See the red part of your post.
In my high school we learned basic grammar.
Was that the advanced class in yours?


Where in this thread is the statement "Einstein subscribed to the Abrahamic religion"?

Nowhere, my grammatically challenged friend.
You are trying to paint Einstein as a believer of some kind, to co-opt him, when all he really believed in was the wonder of the unknown. He had no concept of what god might be, or any characteristics of a god. He simply had the humility not to be categorical about any of it, preferring to remain agnostic in his views in deference to the impossibility of answering the question at all in any way that was useful to anyone.




1. My grammar is flawless....keeping up with your mistakes can cause typos.
But you knew that....you were simply trying to cloud the issue of your vacuity.
Another bit of dishonesty?


2. "Nowhere,....[does the thread claim "Einstein subscribed to the Abrahamic religion"]
So....what are you admitting?

a. That you pretended that I claimed "Einstein subscribed to the Abrahamic religion" and, actually, it was a fabrication on your part?


b. That you didn't read the thread, merely intending to exhibit some brilliance? That didn't work out too well,did it.

c. That you are a low-life cur whose raison d'être is to attack other folk's beliefs?

d. And, as per post #19....are you prepared to also admit that Einstein's belief in religion was hardly "formless and without details"?


That your new sig line should be "so many errors to make, so little time"?



To which felonious infraction are you copping?




3. "You are trying to paint Einstein as a believer of some kind,..."

Not "trying," you moron......succeeding.

Read the thread. Over and over he proclaims same.

If I have time tomorrow I will go even further.





4. " He had no concept of what god might be, or any characteristics of a god."

Then, explain this from the OP.

"Albert Einstein believed in something like Spinoza's "God": a powerful entity that transcends the world. To Einstein, "God" was the maker of the laws of physics that he, Einstein, saw as his life's role to uncover."

In many ways and at many times Albert Einstein validates that statement.


5. Now...as you address me as "... my grammatically challenged friend," a friend may ask a somewhat personal question....one which your psychiatrists have brought up, no doubt, numerous times.....
....why do you find it necessary to pretend that a disbelief in God is superior to a belief?
Neither view is provable....."What's The Dillio?"

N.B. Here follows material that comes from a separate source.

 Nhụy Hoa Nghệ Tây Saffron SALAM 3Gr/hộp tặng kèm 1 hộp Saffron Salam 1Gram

And why does same in others cause you to immediately attack same?
I can't imagine a religious person attacking one who chooses not to believe.....
 
Where in this thread is the statement "Einstein subscribed to the Abrahamic religion"?

Nowhere, my grammatically challenged friend.
You are trying to paint Einstein as a believer of some kind, to co-opt him, when all he really believed in was the wonder of the unknown. He had no concept of what god might be, or any characteristics of a god. He simply had the humility not to be categorical about any of it, preferring to remain agnostic in his views in deference to the impossibility of answering the question at all in any way that was useful to anyone.

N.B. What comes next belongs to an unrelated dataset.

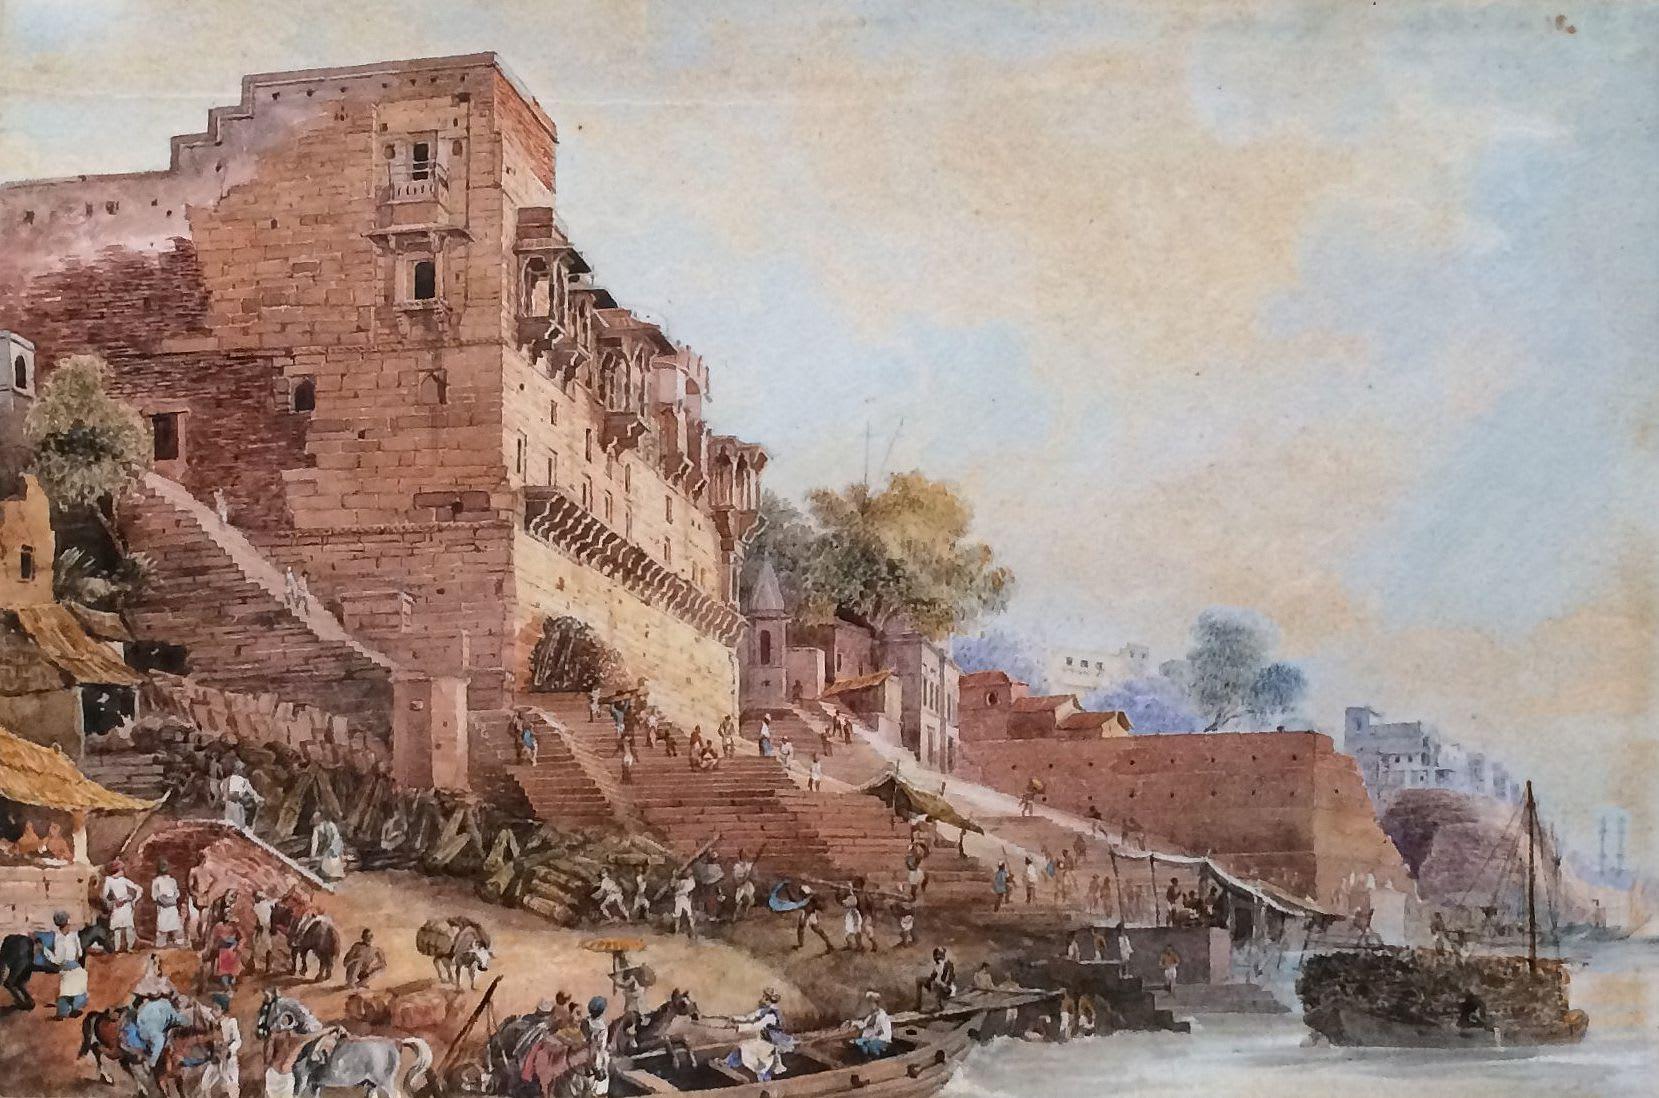 Варанаси, Индия, 1829 год. Художник James Prinsep

1. My grammar is flawless....keeping up with your mistakes can cause typos.
But you knew that....you were simply trying to cloud the issue of your vacuity.
Another bit of dishonesty?


2. "Nowhere,....[does the thread claim "Einstein subscribed to the Abrahamic religion"]
So....what are you admitting?

a. That you pretended that I claimed "Einstein subscribed to the Abrahamic religion" and, actually, it was a fabrication on your part?


b. That you didn't read the thread, merely intending to exhibit some brilliance? That didn't work out too well,did it.

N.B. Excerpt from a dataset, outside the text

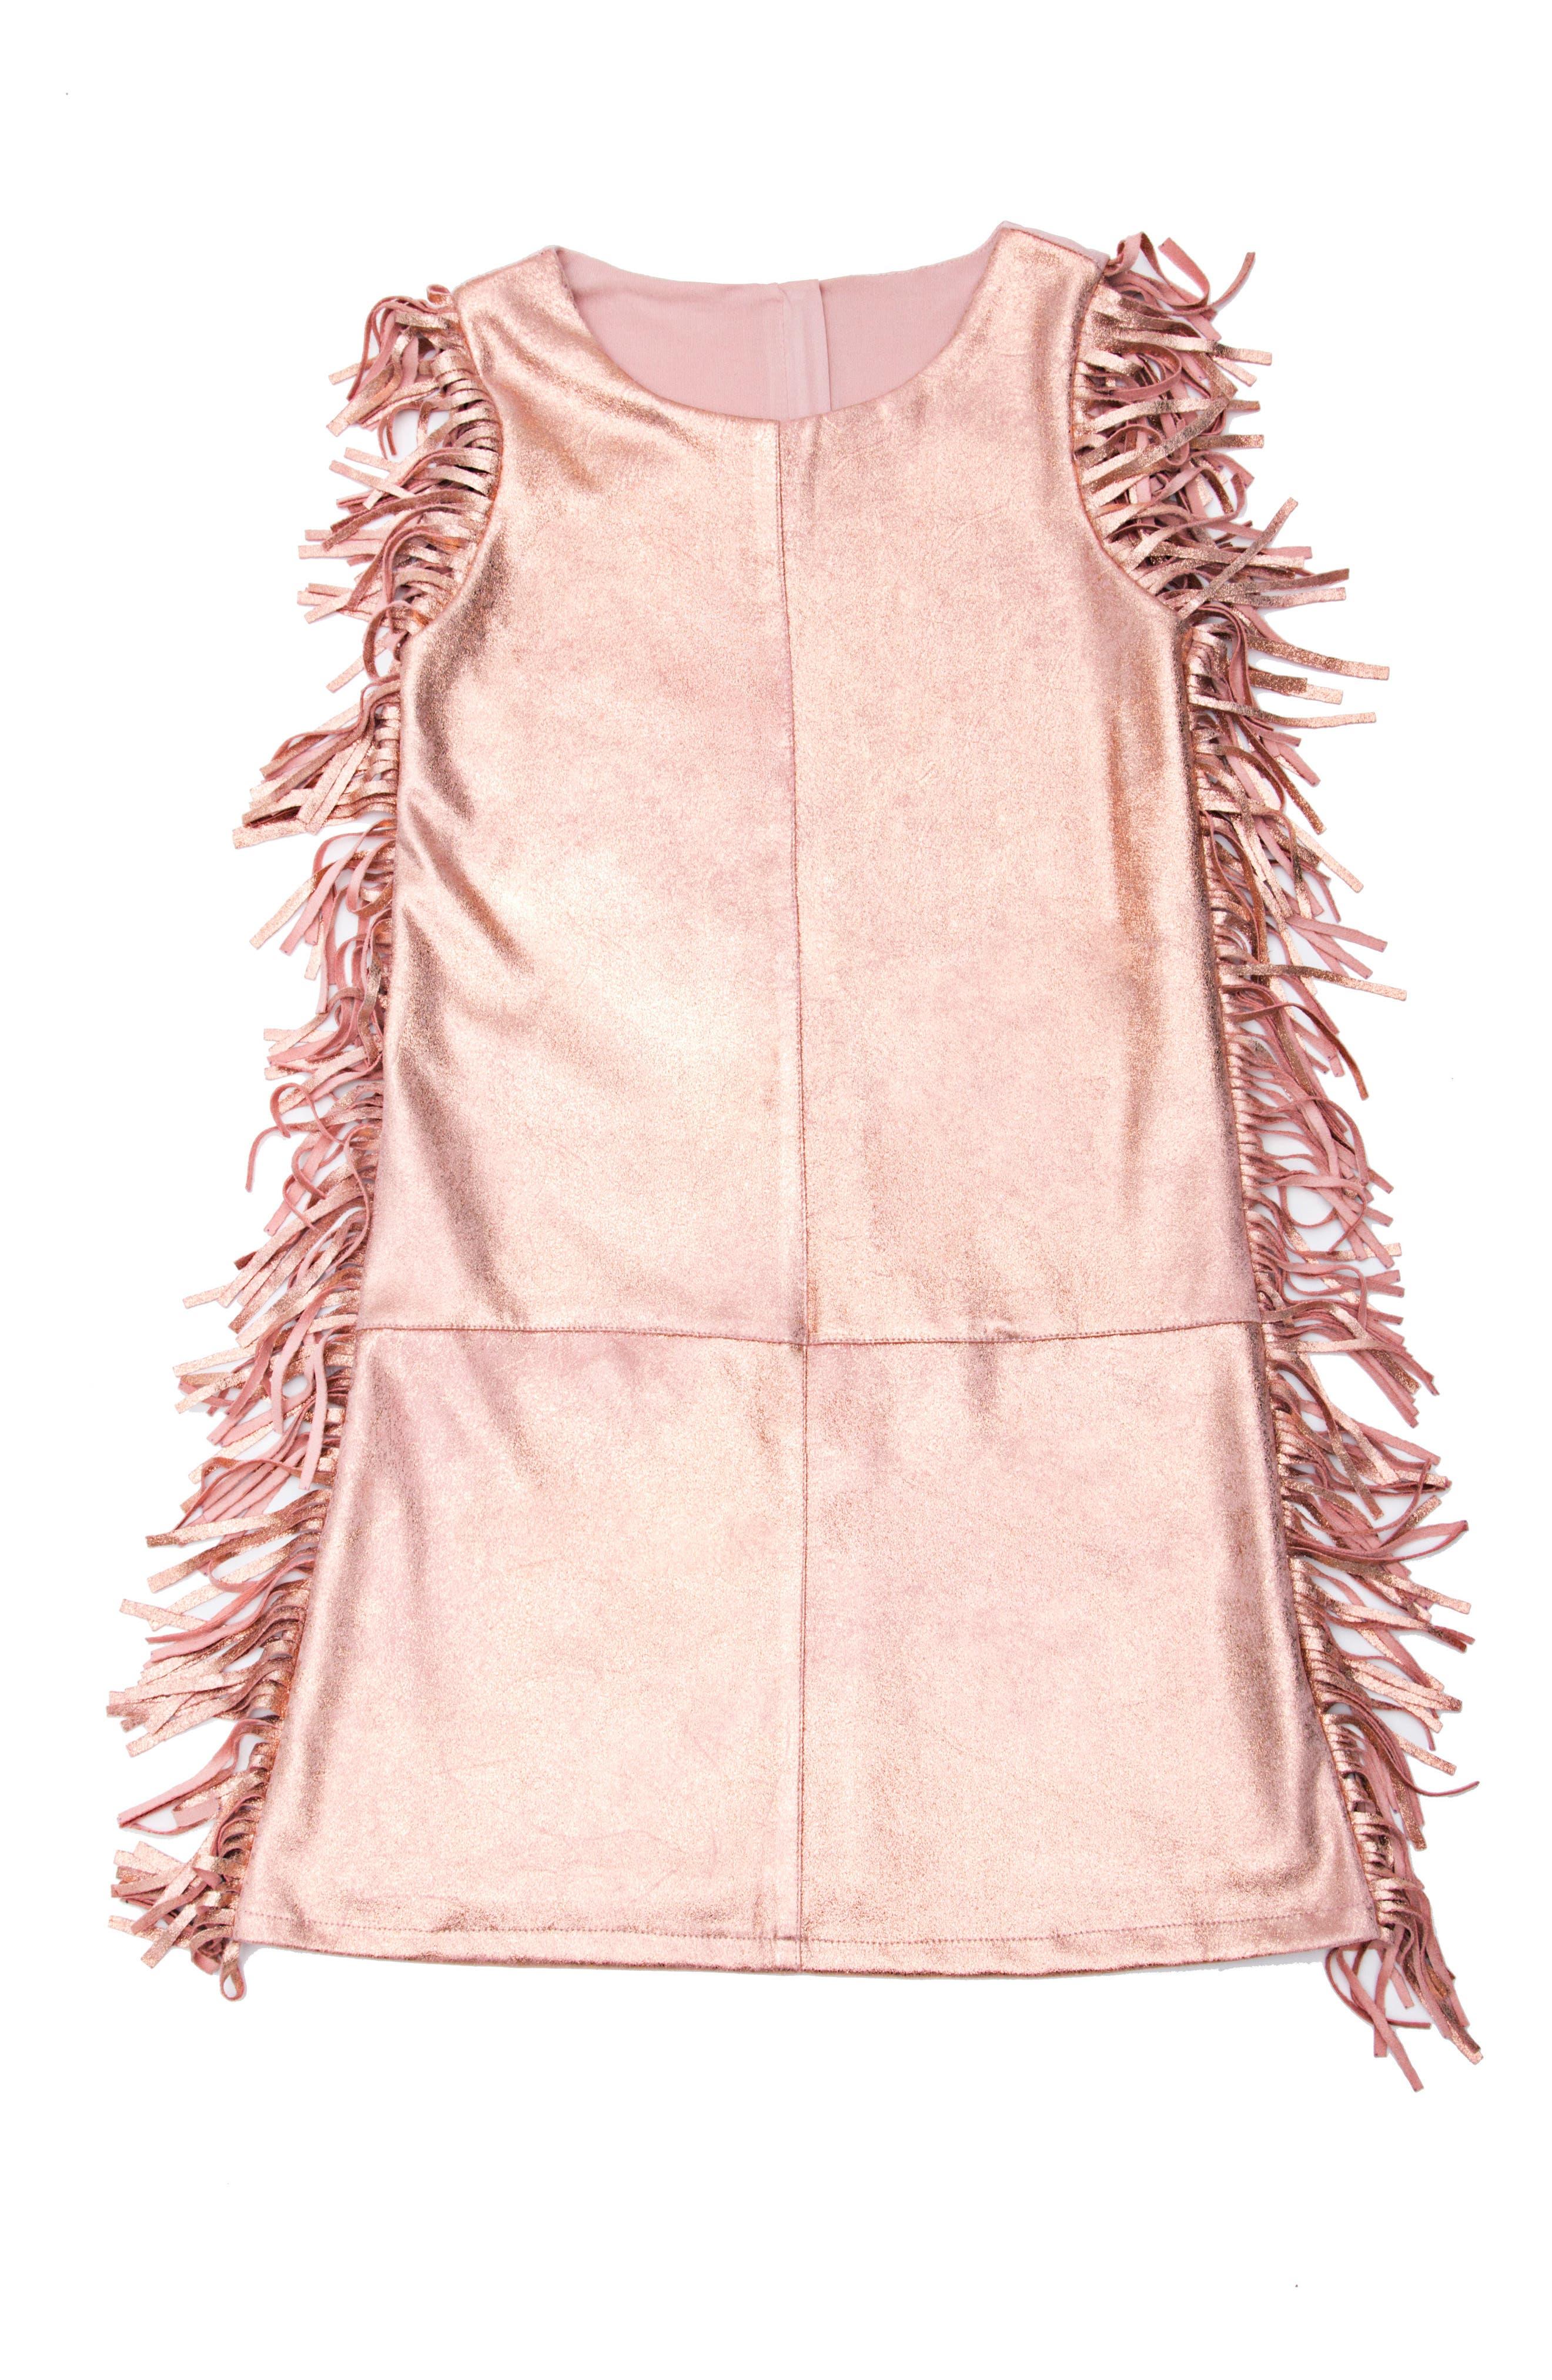 Metallic Fringe Dress,                             Main thumbnail 1, color,                             Rose Gold

c. That you are a low-life cur whose raison d'être is to attack other folk's beliefs?

d. And, as per post #19....are you prepared to also admit that Einstein's belief in religion was hardly "formless and without details"?


That your new sig line should be "so many errors to make, so little time"?



To which felonious infraction are you copping?




3. "You are trying to paint Einstein as a believer of some kind,..."

Not "trying," you moron......succeeding.

Read the thread. Over and over he proclaims same.

If I have time tomorrow I will go even further.





4. " He had no concept of what god might be, or any characteristics of a god."

Then, explain this from the OP.

"Albert Einstein believed in something like Spinoza's "God": a powerful entity that transcends the world. To Einstein, "God" was the maker of the laws of physics that he, Einstein, saw as his life's role to uncover."

In many ways and at many times Albert Einstein validates that statement.


5. Now...as you address me as "... my grammatically challenged friend," a friend may ask a somewhat personal question....one which your psychiatrists have brought up, no doubt, numerous times.....
....why do you find it necessary to pretend that a disbelief in God is superior to a belief?
Neither view is provable....."What's The Dillio?"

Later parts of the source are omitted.